In Example 5, the thickness of the functional layer is 25 μm, which may lead to high-temperature failure. This is because the functional layer is too thin, resulting in an exhaust passage that is too small to rapidly discharge gas and heat. In combination with Examples 1 to 4, the preferred thickness of the functional layer in this application is 30 μm to 45 μm. In addition, when the thickness of the first insulating layer and the second insulating layer exceeds 45 μm, the reduction in production short-circuit rate is not significant. The preferred thickness of the first insulating layer and the second insulating layer in this application does not exceed 40 μm, that is, H1≤40 μm and H2≤40 μm. The functional layer may be integrally formed with the first insulating layer and the second insulating layer, with all three having the same thickness, that is, the thickness of the functional layer is preferably 30 μm to 40 μm.

In Example 5, the thickness of both the first insulating layer and the second insulating layer is 25 μm, which may lead to failure in the drop test, the insulating layer is too thin leads to insufficient strength of the metal strip, resulting in tearing during the drop.
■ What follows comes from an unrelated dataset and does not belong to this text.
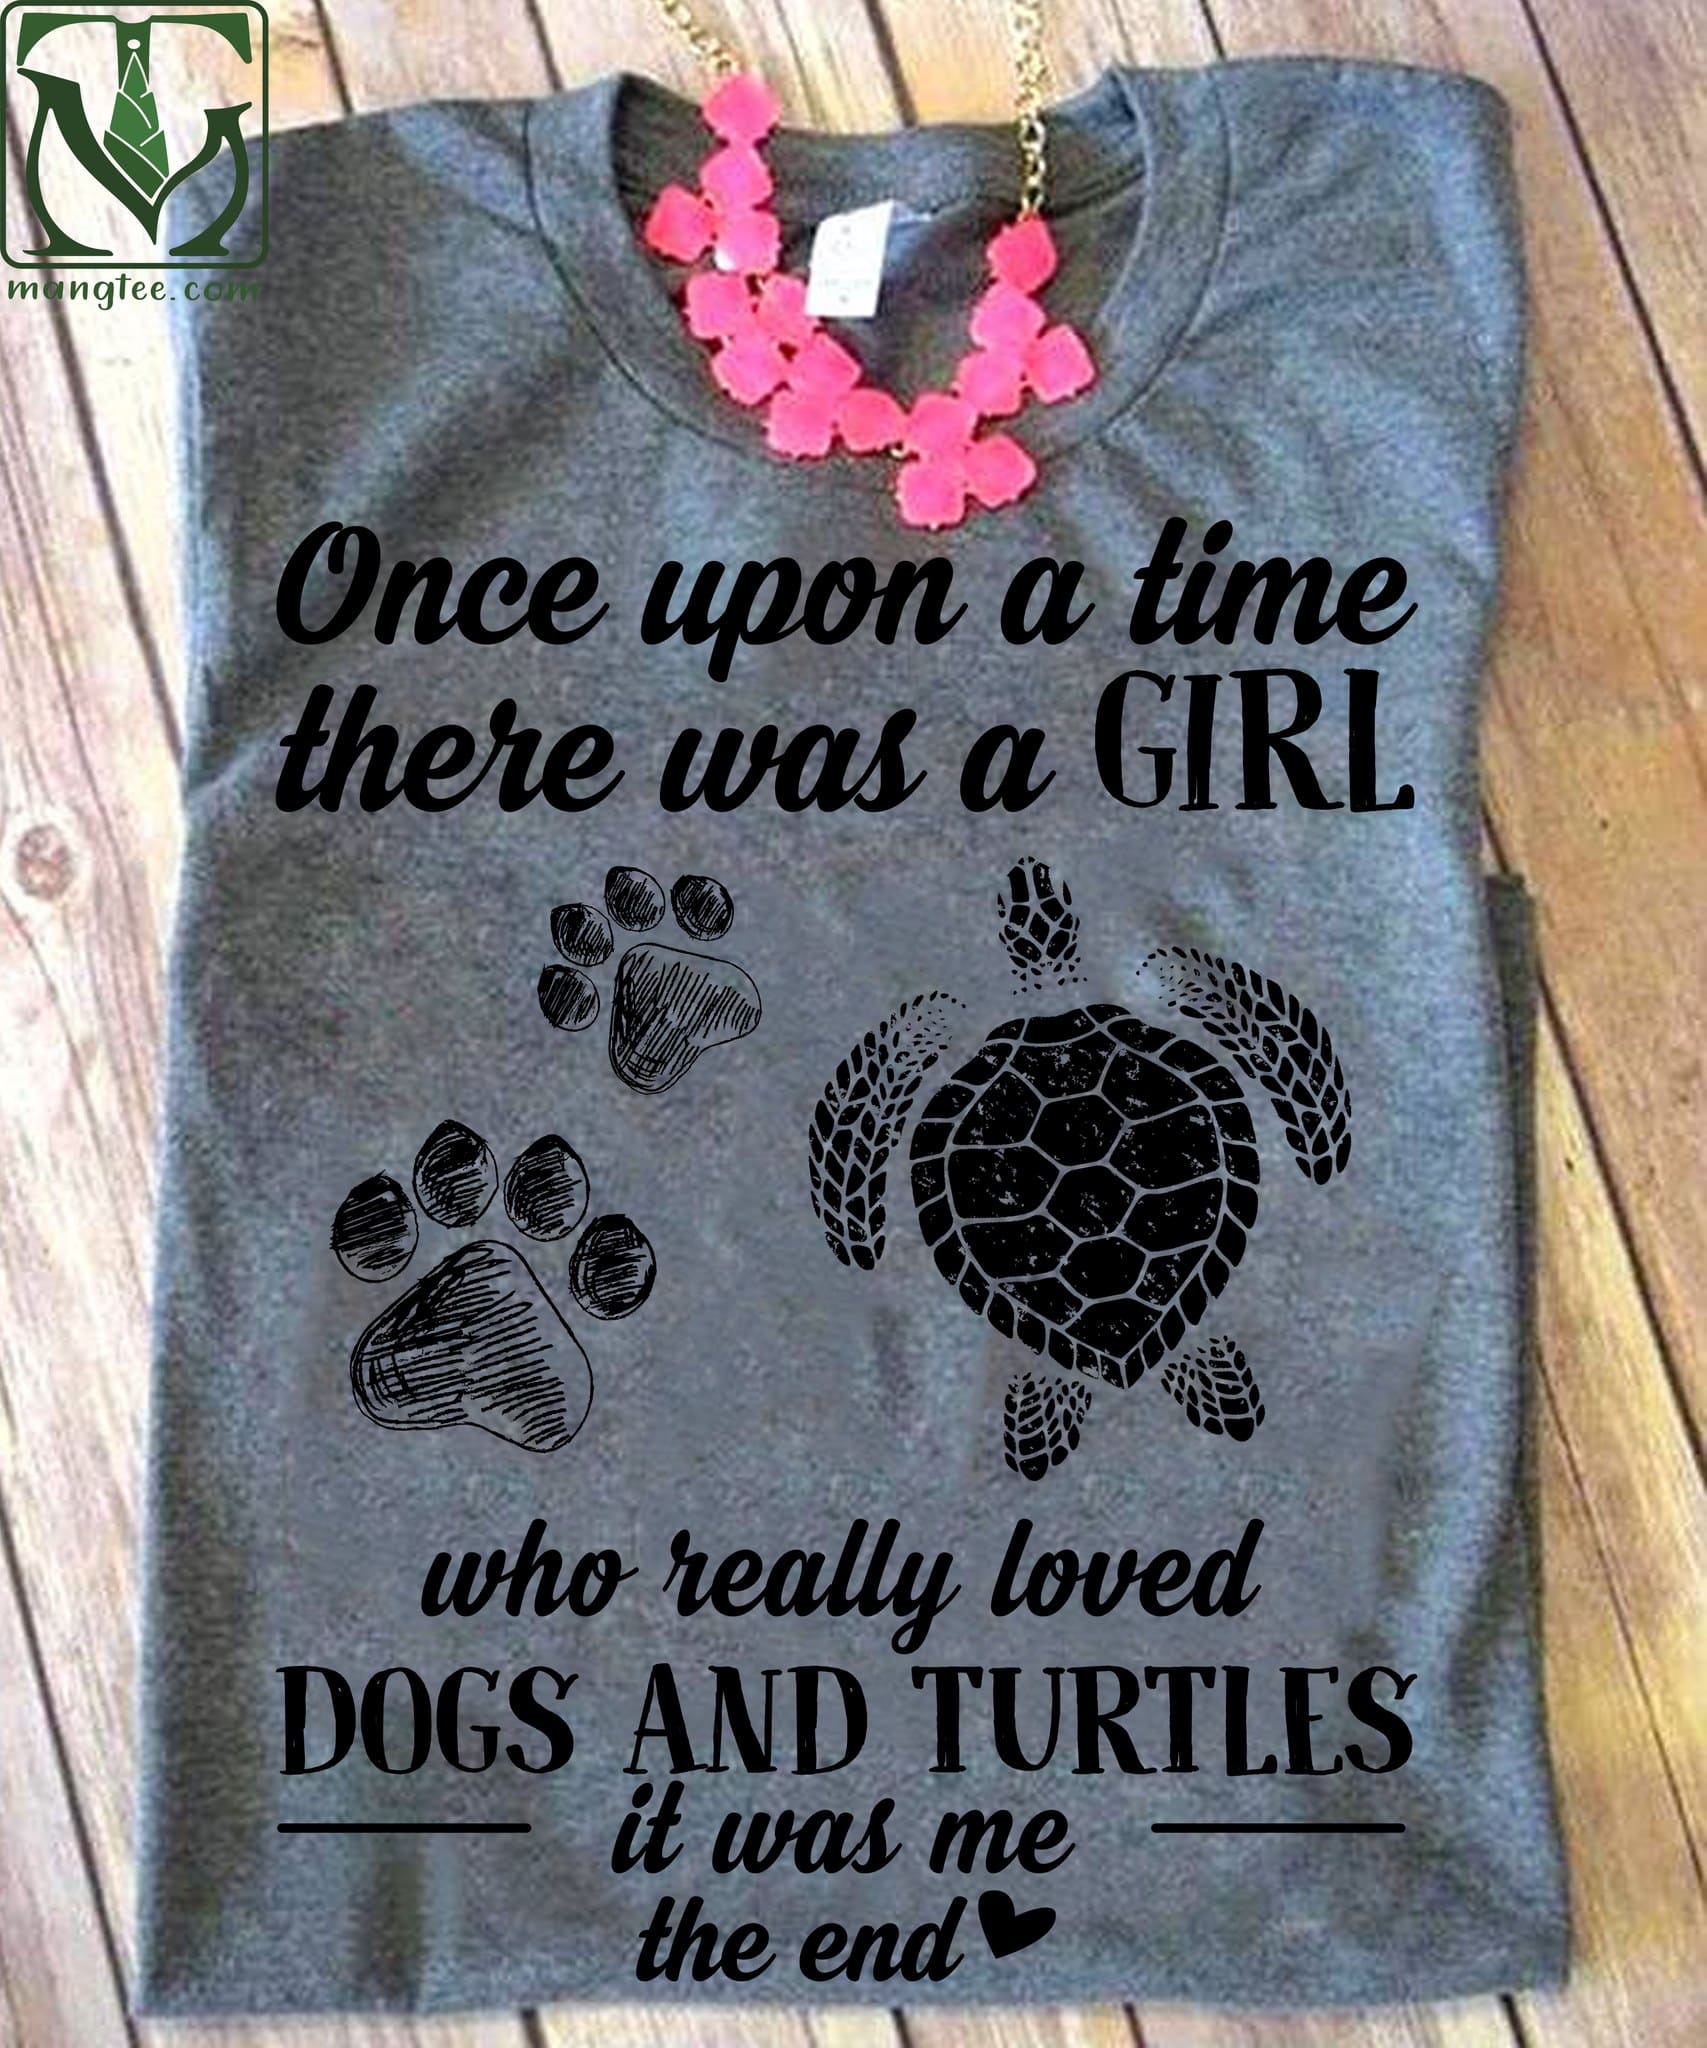 Once upon a time there was a girl who really loved dogs and turtles - Animal lover T-shirt, turtle and dog footprint

The preferred thickness of both the first insulating layer and the second insulating layer in this application is 30 μm to 40 μm, that is, 30 μm≤H1≤40 μm and 30 μm≤H2≤40 μm.

In combination with Example 1 and Example 8, the width of both the first insulating layer and the second insulating layer in Example 8 is smaller, which may also lead to insufficient strength of the metal strip, and both the production short-circuit rate and the drop test failure rate are higher than in those in Example 1. The preferred width of both the first insulating layer and the second insulating layer in this application is 0.1 mm to 0.17 mm.

In addition, providing the first insulating layer on the first region of the first surface, providing the second insulating layer on the second region, and providing the third insulating layer on the second surface may further improve the strength of the metal strip and isolate the metal strip, thereby further reducing the production short-circuit rate and drop test failure rate.

Finally, it should be noted that the foregoing embodiments are merely intended to describe the technical solutions of this application, and are not intended to limit this application. Under the idea of this application, the foregoing embodiments or the technical features in different embodiments can also be combined, the steps can be implemented in any order, and there are many other changes in different aspects of this application as described above, which, for the sake of brevity, are not provided in detail. Although this application is described in detail with reference to the foregoing embodiments, persons of ordinary skill in the art should understand that modifications can be made to the technical solutions described in the foregoing embodiments, or equivalent substitutions can be made to some technical features therein, and these modifications or substitutions do not make the essence of the corresponding technical solutions depart from the scope of the technical solutions of some embodiments of this application.